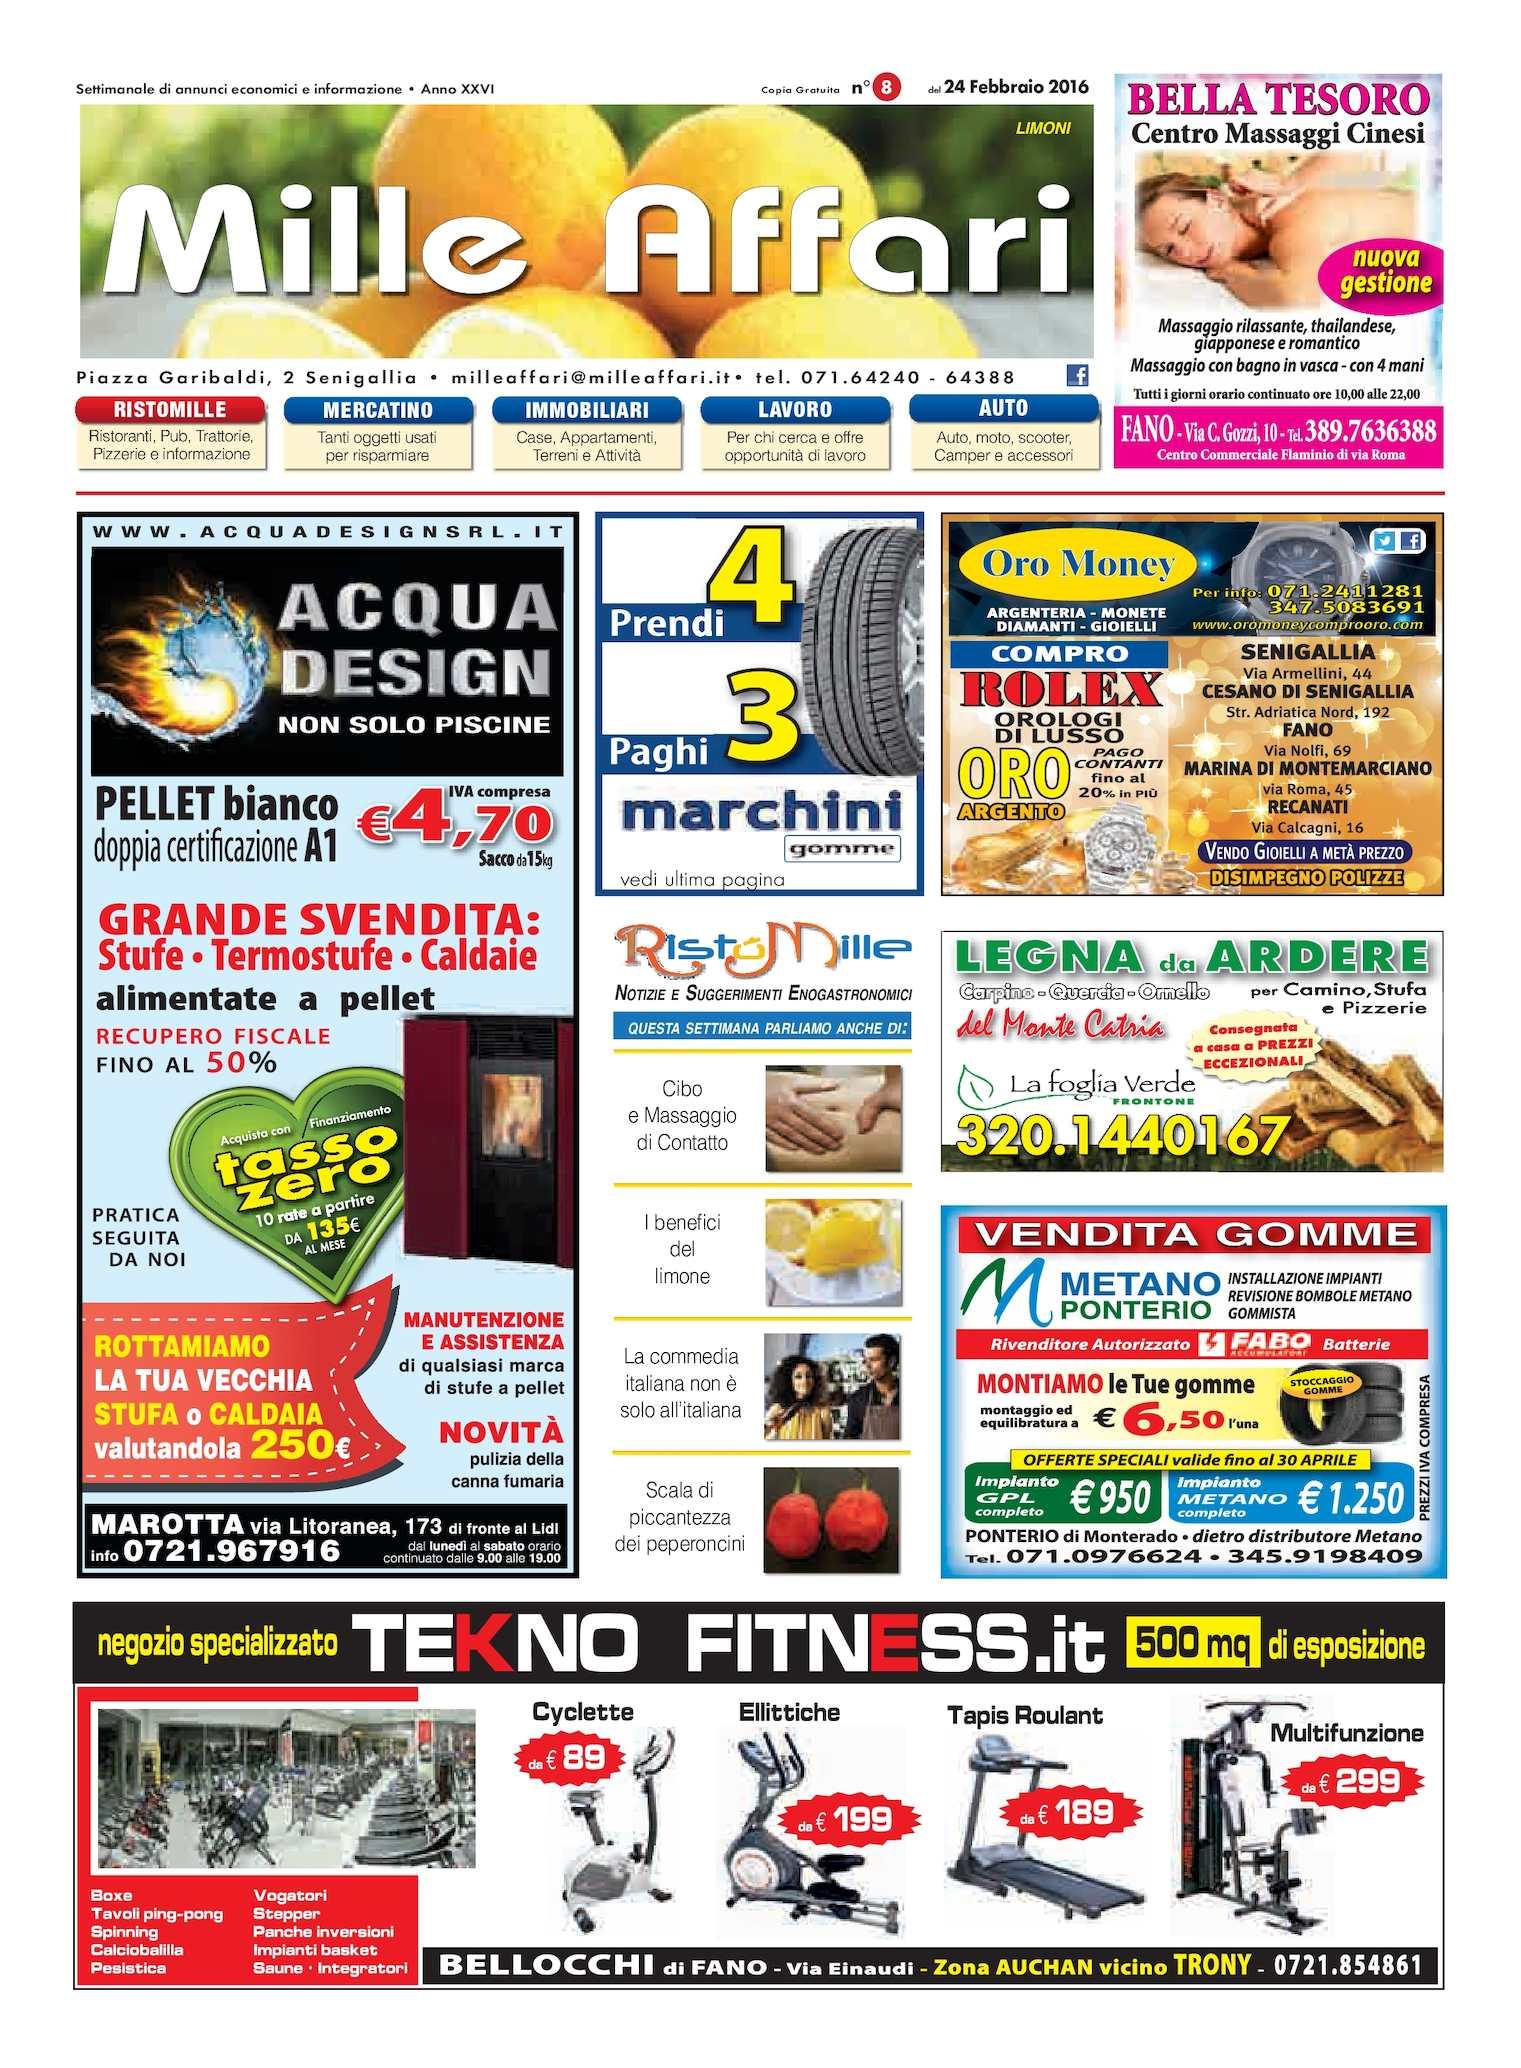 online store 2a8f7 933a0 Calaméo - MILLEAFFARI N°08 DEL 24.02.16
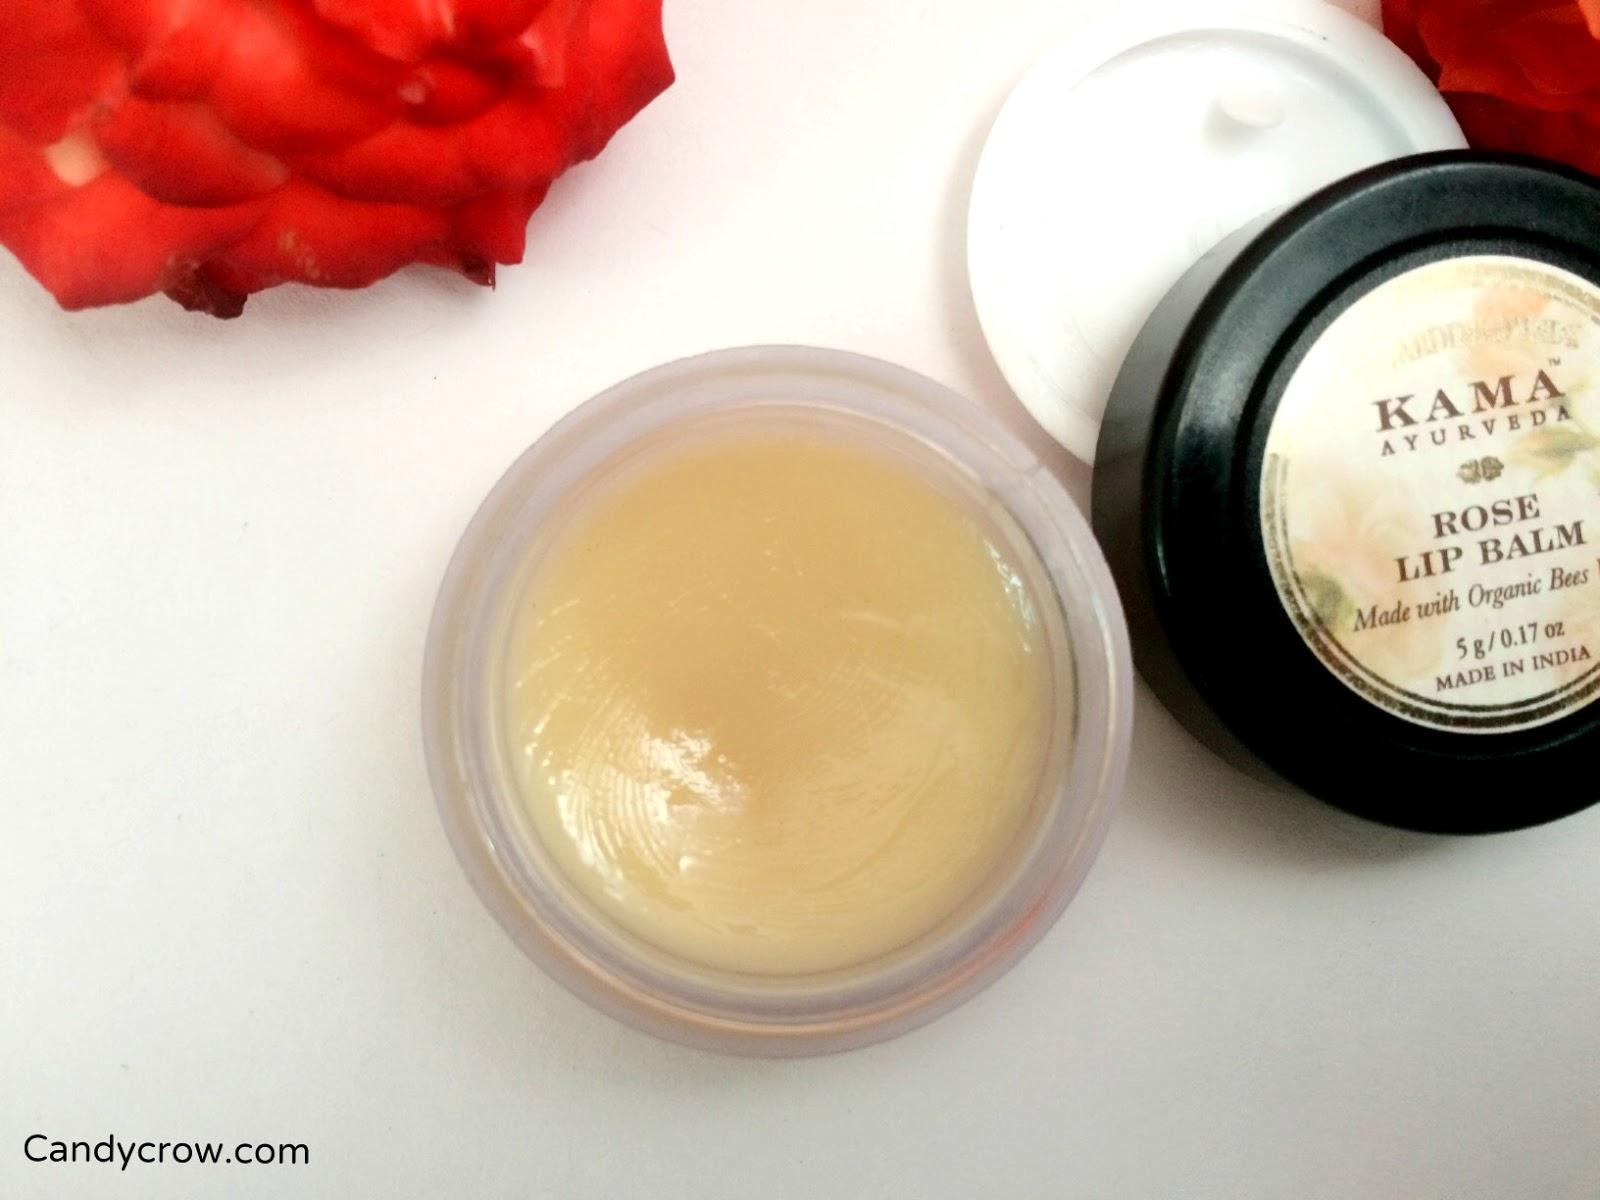 Kama Ayurveda Rose Lip Balm, 5g Skin Ceuticals - Daily Moisture (For Normal or Oily Skin) -60ml/2oz
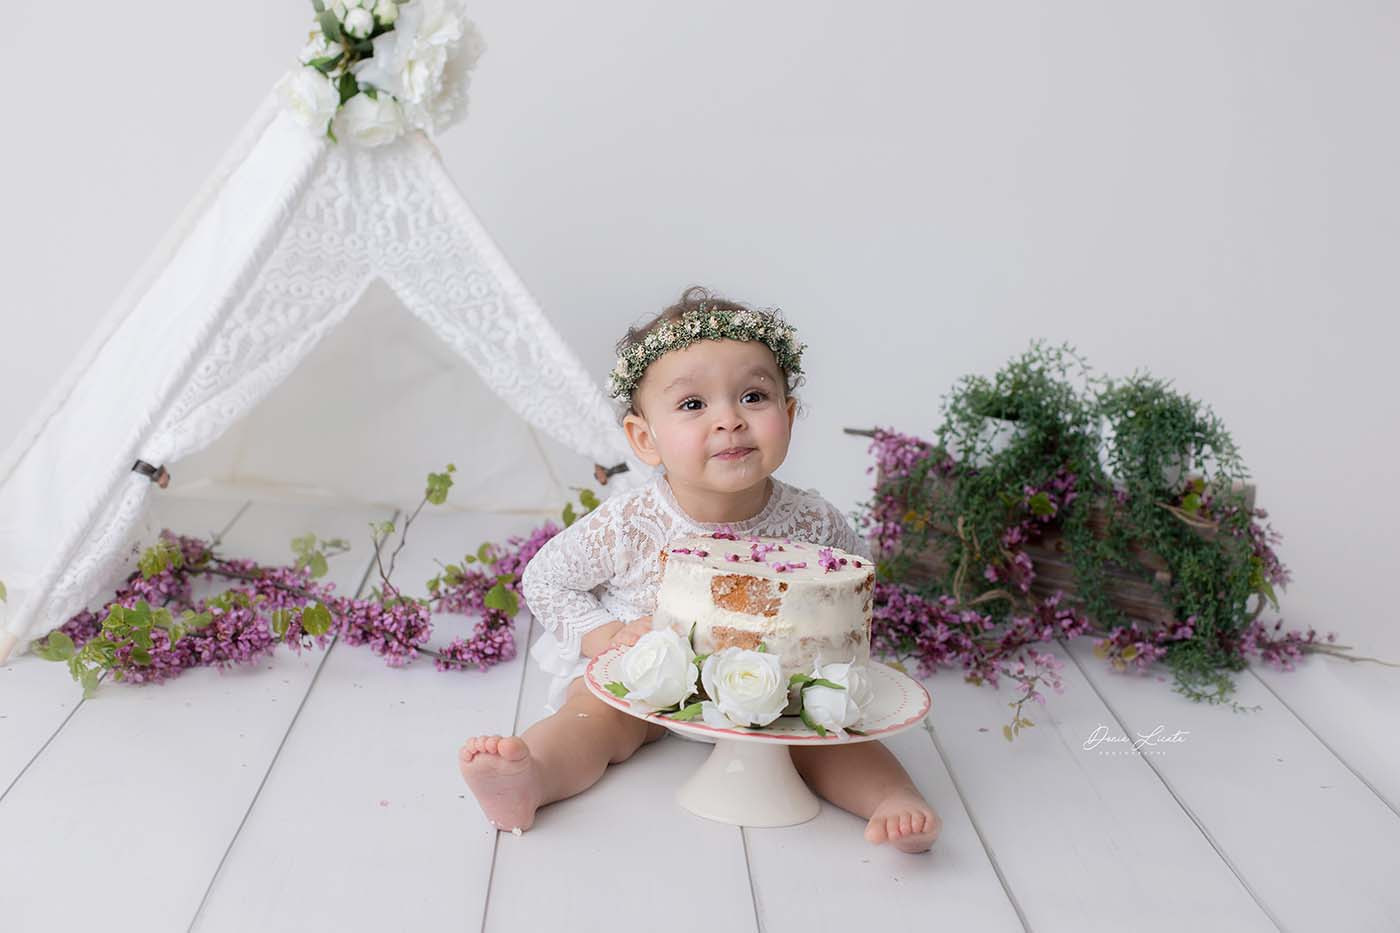 séance photo smash the cake marseille

**DIRECTIONS**
Write out all the material verbatim, images excluded.

**COMPLETED EXERCISE**
 online store 2a8f7 933a0 Calaméo - MILLEAFFARI N°08 DEL 24.02.16
 Kama Ayurveda Rose Lip Balm, 5g Skin Ceuticals - Daily Moisture (For Normal or Oily Skin) -60ml/2oz
 séance photo smash the cake marseille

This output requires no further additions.